Closed cchance27 closed 12 months ago
These are great questions. ANE is faster than MPS. It doesn't seem like much when compared to most CUDA builds, but it is a significant difference - 50-100% faster from my experience. It depends on the machine, and I would happily see other people's results. Speaking of which, I suppose some benchmark data in readme could be useful. I can't remember the exact details, but I think GPU Core ML is marginally faster than MPS, but that could also depend on the machine. CPU+GPU+ANE is supported with ALL option. GPU+ANE - I'm not really sure, but all options require CPU, so perhaps you can't run ANE+GPU without CPU. BTW, in this particular use case, CPU_AND_ANE seems to be much faster than ALL.
I was sitting here thinking and i wonder if the ALL being slightly slower might be a memory bandwidth issue depending on the GPU, as i know for instance my M3 pro has 150 memory bandwidth down form the previous m2 pro, the only ones that get really big are the max cpus
Ya benchmarks in readme would be nice for the various options.
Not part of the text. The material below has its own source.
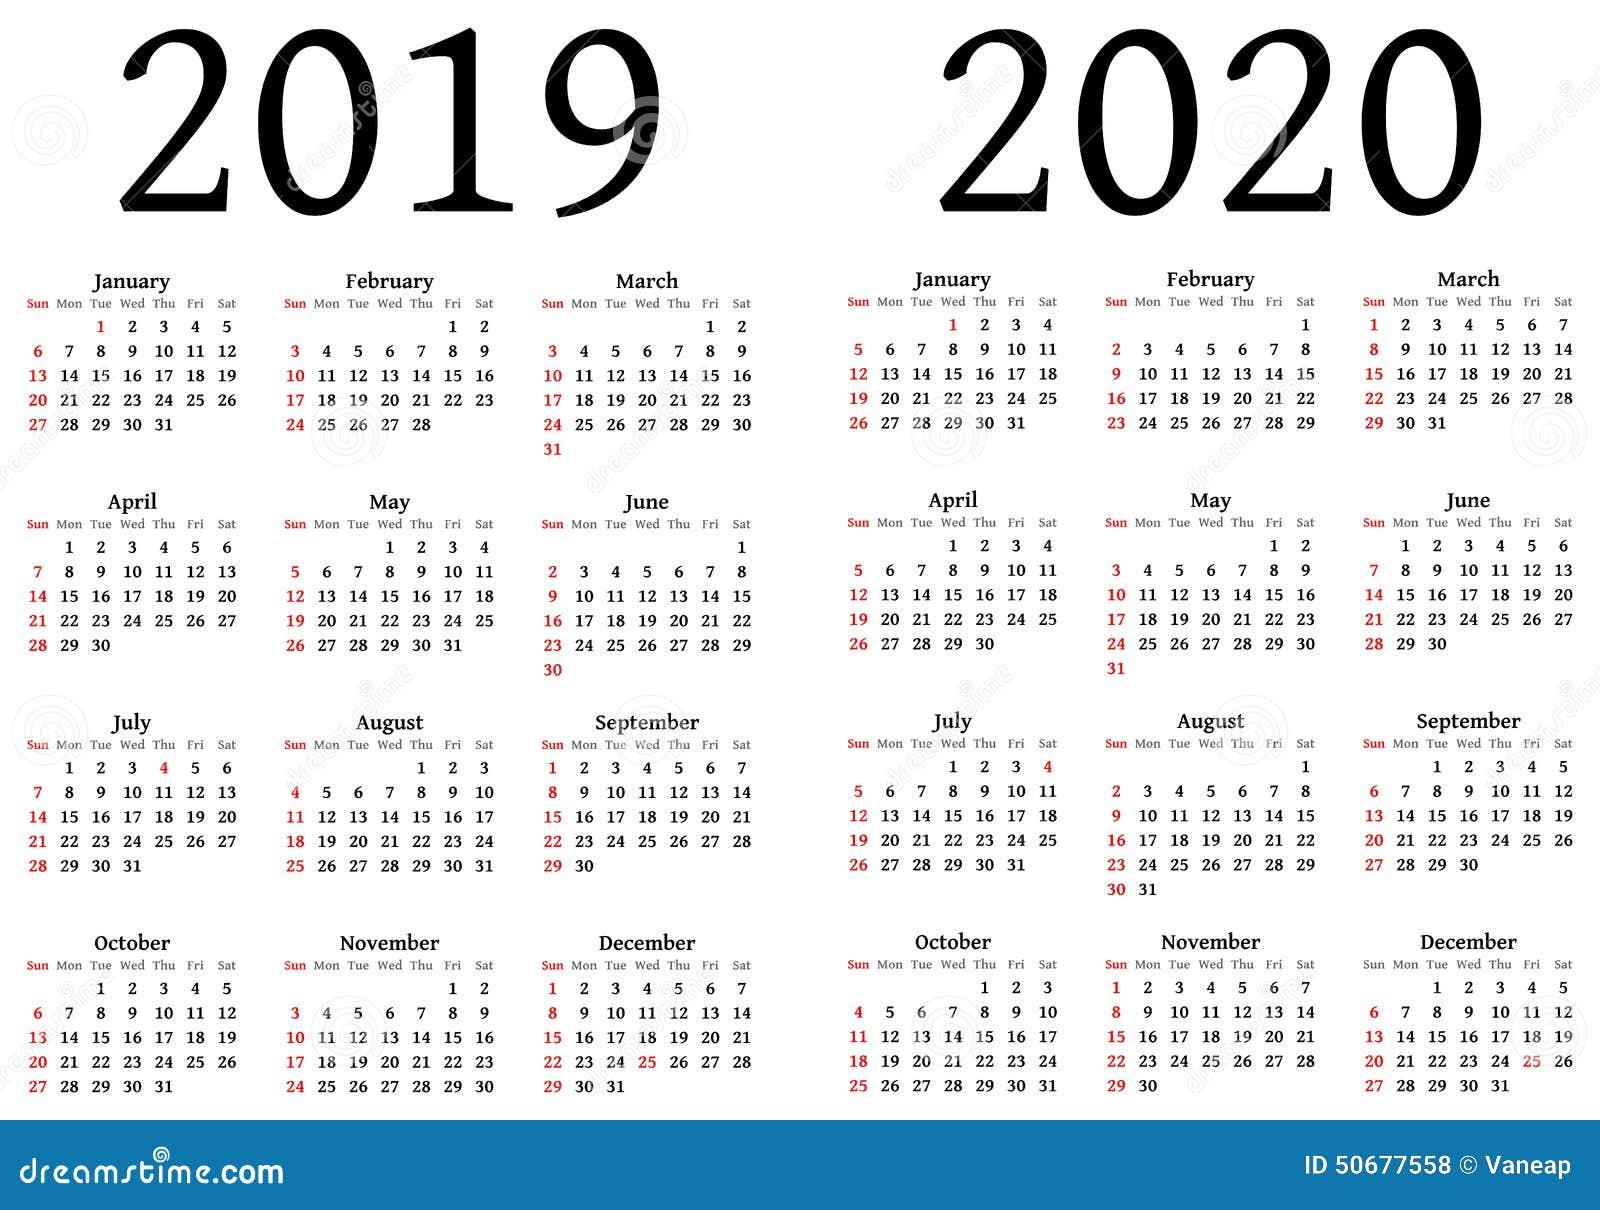 Calendario Colombia 2020.2020 Stock Illustrations 36 500 2020 Stock Illustrations

Tested on M3 MBP 32gb with 512x512 SD1.5 model, using the convertor method of rendering from a safe tensor
Getting ~2.55 on ANE with EIPSUM (EIPSUM2 seems the same basically) Getting ~2.32 on GPU with ORIGINAL Getting ~1.48 on ALL with EIPSUM Getting ~2.06 on ALL with ORIGINAL
So ya, ANE is best with EIPSUM.... however I noticed something odd... when I bump resolution to 768x512.... 1.04 ANE with EIPSUM 1.32 GPU with ORIGINAL
So for the smaller image we're seeing ANE at ~10% faster, but when the size is larger suddenly the GPU is 10% faster, it's also overall 2x slower for the 50% larger size
Already clarified will close this off since it was discussed and your working on benchmarks elsewhere #18
Just wondering have you ran any comparisons between running against the MPS (metal) vs using the ANE for inference?